So, when you define the strategic infrastructure needed to continue to forge Maranoa ahead and to complement its people, it comes down to one word: connectivity. It is a continual investment in telecommunications and transport infrastructure that connects our products to the world that will create the innovation and wealth that will make Maranoa a community of choice for people to live in and do business.

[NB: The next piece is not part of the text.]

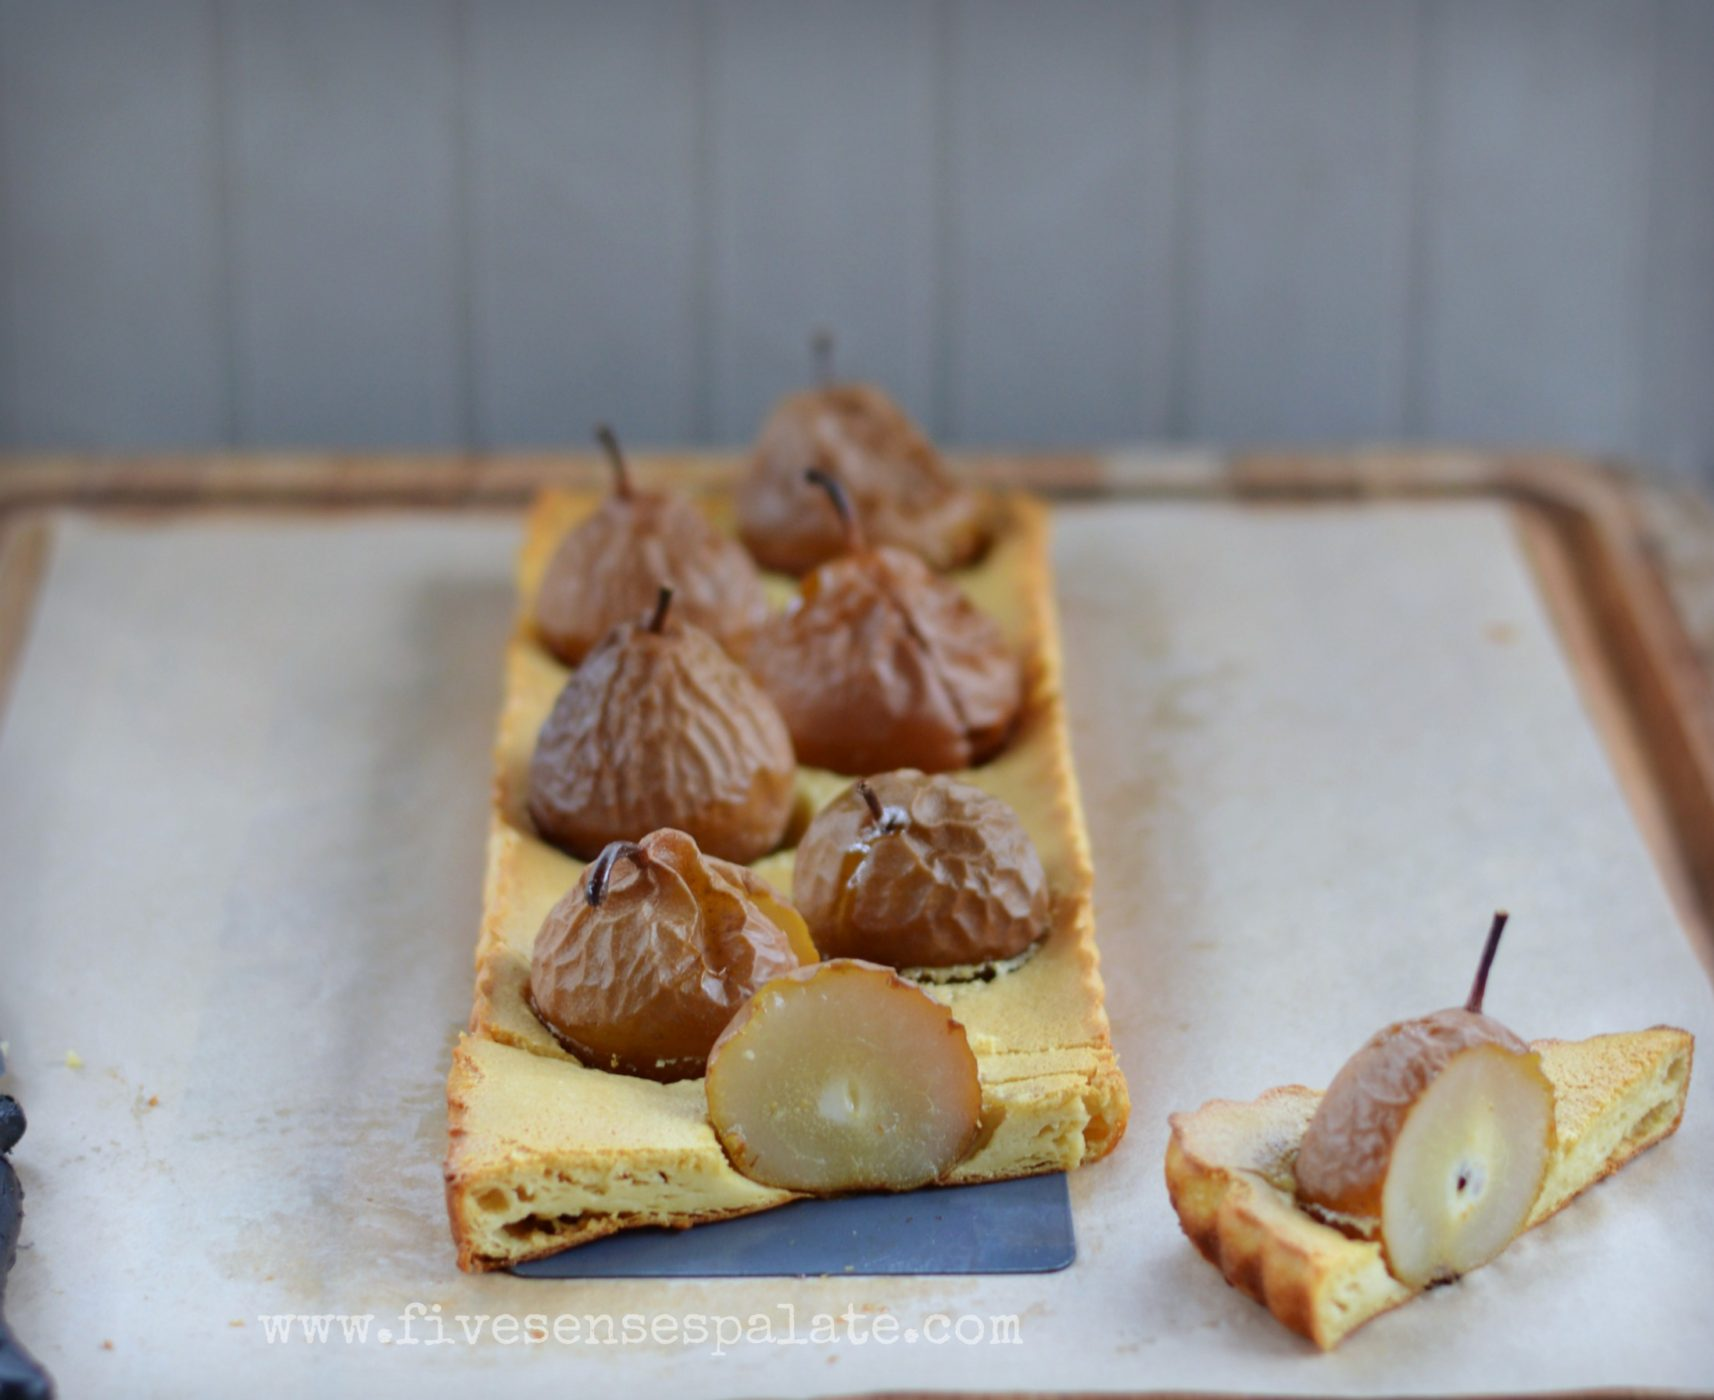 Seckel Pear & Almond Custard Tart | Five Senses Palate

Rolling out the NBN to more than 68,000 households and businesses right across Maranoa over the next two years is paramount, but complementing this with mobile phone connectivity is essential. The businesses of Maranoa are operating multimillion dollar cutting-edge technology that requires connectivity to engage in a global economy.

It is not just about the economic benefits of providing these digital tools; there are social responsibilities that need to be met by us as a government. The benefits of telehealth have huge potential for not only improving health outcomes in regional and remote areas but also saving money for patients and taxpayers by reducing significant travel and hospital costs. More importantly, telehealth will allow people to be treated closer to their loved ones and homes.

In education, the coalition government's commitment to creating designated data plans for distance education students is another initiative that every Australian should be proud of. It is abhorrent to think that the quality of education for children in Maranoa and other regional electorates is determined by their postcode. This initiative keeps families from having to leave the regions and, invariably, secures the precious human capital we need to be the most productive to build better regional communities.

Physical connectivity needs to complement our investment in the digital economy. Our roads and rail are the arteries of Maranoa. While I acknowledge the social and safety benefits of the coalition's $1.6 billion investment in the Toowoomba Second Range Crossing, the real beneficiary is Maranoa. The connectivity this infrastructure will provide in building efficiency into our exports will be profound and return real dollars to towns right across Maranoa. Coupled with the inland rail, which is one of the great visionary builds of our generation, it will build the framework for innovation and investment that will deliver further opportunity to Maranoa. It will create an Australian export hub right on our doorstep. These two key infrastructure assets will be further complemented by the new Wellcamp airport, which will see Maranoa's produce exported around the world and again provide Maranoa the tools of the 21st century.

The story of Maranoa from an agricultural perspective is that of 'just add water'. While, ultimately, that lies with Mother Nature, there are a number of man-made initiatives that can also play a key role in developing Maranoa and inland Australia. The Murray-Darling Basin plan has had a significant impact on communities in Maranoa. The balance has been weighted disproportionately, without an understanding of the social and economic impacts on our communities. The responsible stewardship of our water is something every Australian takes seriously, and now we have an opportunity to reset the triple bottom line.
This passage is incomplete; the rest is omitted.